Here at Abbott Lane you'll find my thoughts on these topics and much more. Thanks for stopping by to visit!

Stop Taking Tourist Snapshots: 5 Tips to Take Your Travel Photos to the Next Level

Hey folks! So, this is the time of year that many of you will head off on a vacation (...and where are you going??? Tell me in the comments - I love hearing about others' travel plans!). I thought it'd be great to share some things to think about as you head off into the greater world with camera in hand. I often hear people return from their trip and lament that they feel something is missing from the images they brought back.
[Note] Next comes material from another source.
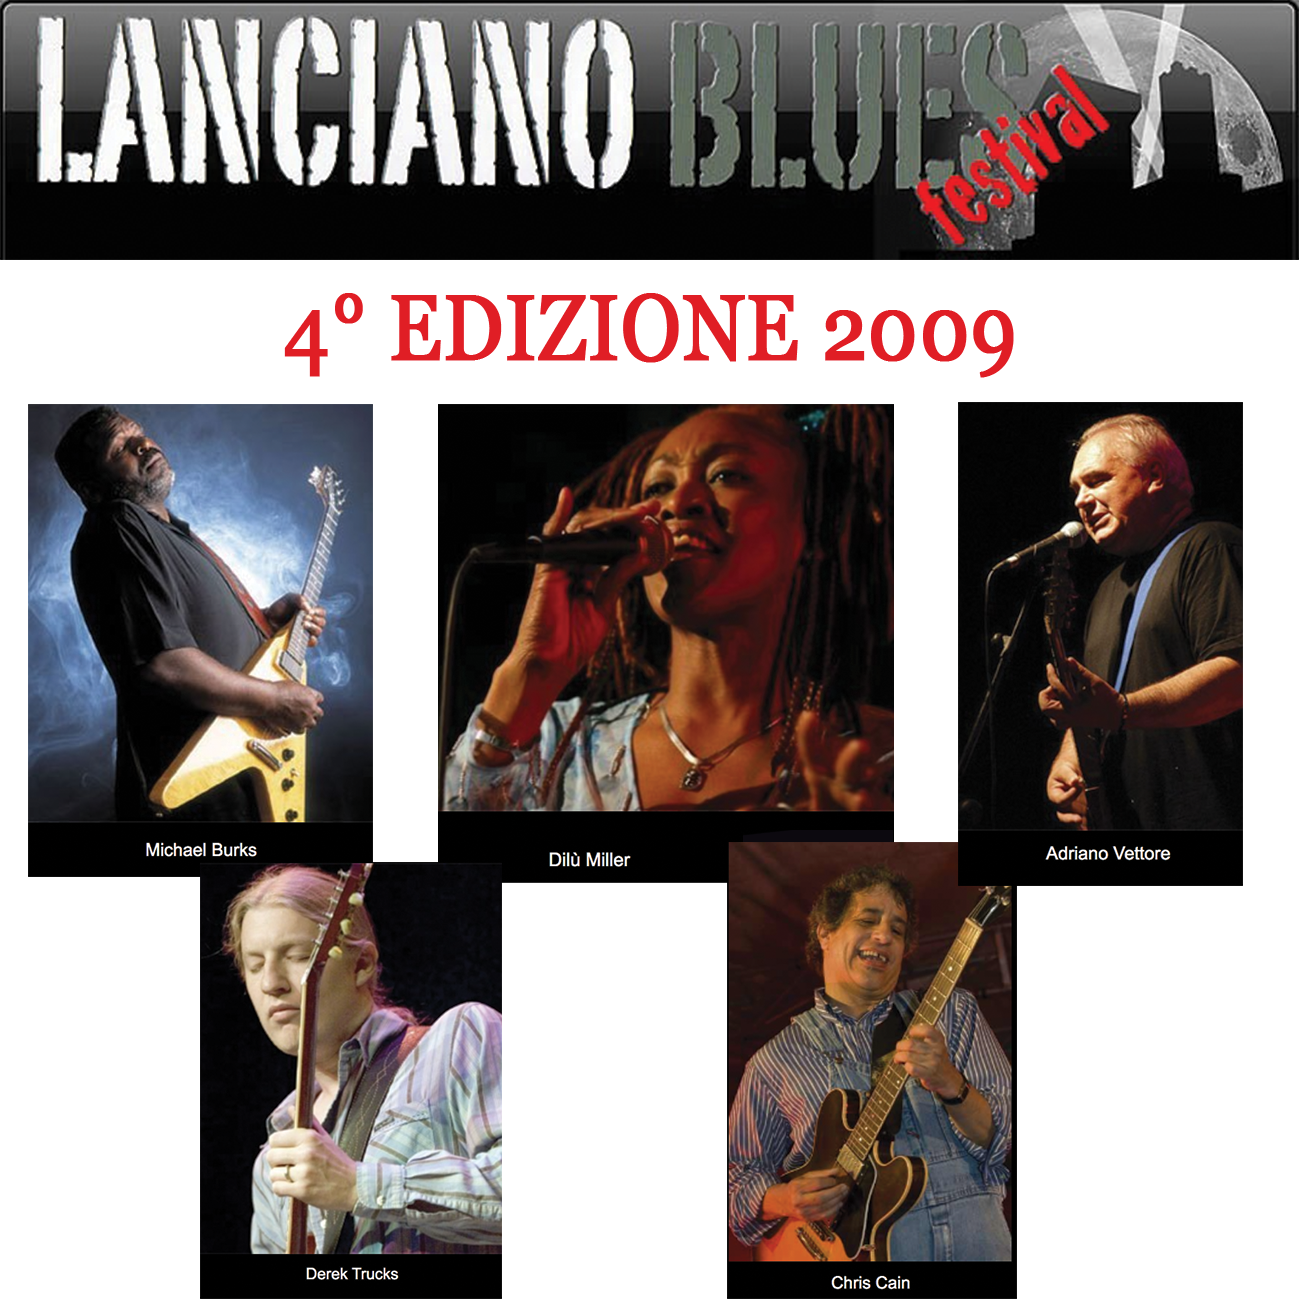 LANCIANO BLUES FESTIVAL 2009

Of course, nothing can match the magic of actually being there, but keeping a few of these tips in mind while shooting will help you return with photos that go beyond typical snapshots, so you can bring a little bit of the love back home with you.

1. Seek the Unusual
This is probably the most obvious tip, and the one that comes most naturally to people when away from home traveling. But when I say unusual, I mean UNUSUAL. Be a little daring. Seek out nooks and crannies that offer up interesting bits to photograph. Go off the beaten path a little, even if you're in a big city. Tell a weird little story in your photo. This photo was taken in an alley in the Harajuku district of Tokyo. No, I have no idea what it is. But it was fun finding it, and I still get a laugh when I see this photo!

2. Seek the Mundane
Yup. I'm suggesting you also seek out the dull, the quotidian, and the everyday. Why? Because these are the photos that truly fascinate. There's a reason people photograph laundry hanging outside of windows in places like Italy, and it's not because laundry is a gloriously beautiful thing. It's because these types of images give us a sense of our place in the world - how cultures are similar to our own, and how they differ. I love this photo of an electronics store in the Shibuya area of Tokyo. There's just something so every day about it, and at the same time it provides a great glimpse into the energy of the city.
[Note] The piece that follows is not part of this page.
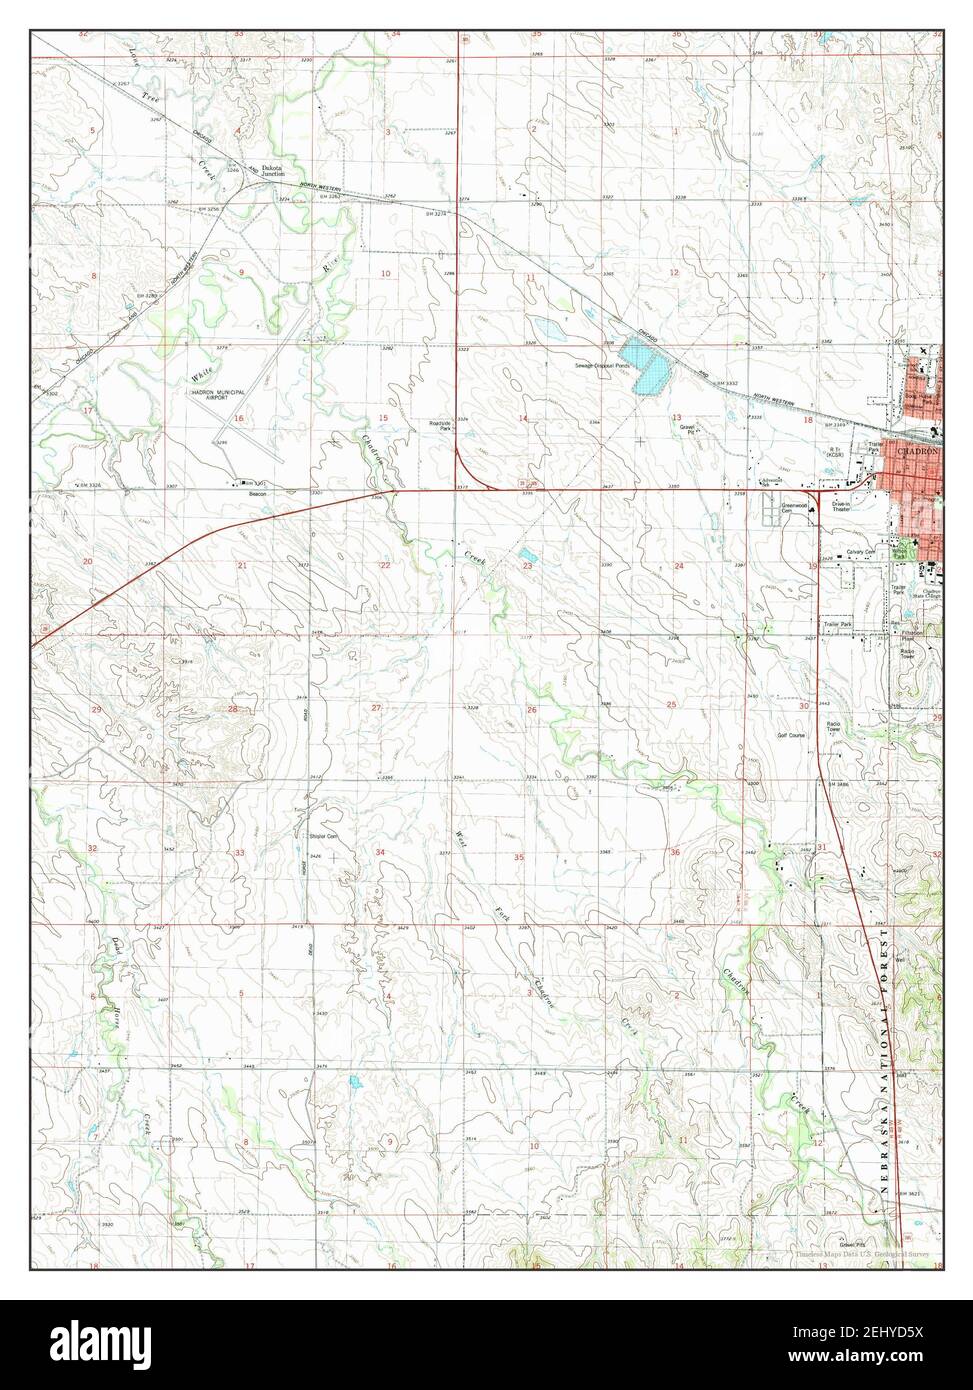 Chadron West, Nebraska, map 1980, 1:24000, United States of America by Timeless Maps, data U.S. Geological Survey Stock Photo

3. Get up early (or stay out late)
Some of the best times to explore large cities are before it awakens, or after it goes to bed. There's something beautiful and magical about a large urban area completely - or nearly - empty of its usual hustle and bustle. And it should go without saying - be aware of your surroundings, and stay safe!

4. Look around you
When you're at famous monuments or historical sites, be sure to look around and see what else your vantage point has to offer. I took this at the top of Victoria Peak in Hong Kong, but facing the opposite direction of the world famous view. If I hadn't taken a moment to look behind me, I would have missed it!

5. Photograph for yourself
While it's great to come home with photos of incredible sunsets, amazing vistas, and typical tourist shots of Important Places to prove you were there, in my opinion it's more important to bring home photos that trigger personal memories. This is one of my favorite photos from my time in Tokyo. Surprised? Probably. But let me explain why. This was taken the morning of our first full day in the city. We woke up and walked a bit around our neighborhood until we stumbled across this adorably tiny coffee shop. Up on the second level of the cafe was this small seating area. Not much was there except for a couple of tables, a hanger, a stool, and this stack of books on a box. The smell of coffee filtered up from downstairs, and warm light streamed in through the windows. We sat and watched people move through the streets below on their way to work, while the hissing sound of the espresso machine drifted up from downstairs. I remember how beautifully crafted our drinks were when they arrived at our table, and I remember that this was the very moment I started to fall in love with Tokyo. All of that resides in this photo which, on the surface, probably looks pretty boring to most people. But to me, it's full of precious memories.

BONUS TIP: Print your photos, or make them into an album. It's so important, in this age of speed and disposability, to have something tangible to flip through and enjoy for years to come. When technology moves on to different storage media, or your hard drive (heaven forbid) crashes, you'll still have something in hand to revisit and share with family and friends well into the future.


  1. Hi Angi, thanks for the tips! We are headed to a beach wedding in Greece, a mountain cabin on the German/Austrian border, the city of Nuernberg, and in addition I get to spend a day in Berlin and sing a Sunday morning service with a traveling choir in Leipzig's Thomaskirche, where Bach was head music guy. Very very lucky.
    I plan to travel light with just with my iPhone camera. I am a way amateur photographer, but have some running collections of images I like, triggered by what catches my eye: street musicians, metal and stone, bicycles, doors and windows, shoes, roofs and facades, flowers.

    1. Your trip sounds absolutely INCREDIBLE! You'll be spoiled for choice with all of the locations you'll be hitting. And the iPhone makes for an incredible travel companion! Do you use any apps to edit your images? I'm a big fan of both Snapseed and VSCO. They both give my iPhone photos a little something extra when they need it. Enjoy your travels!!!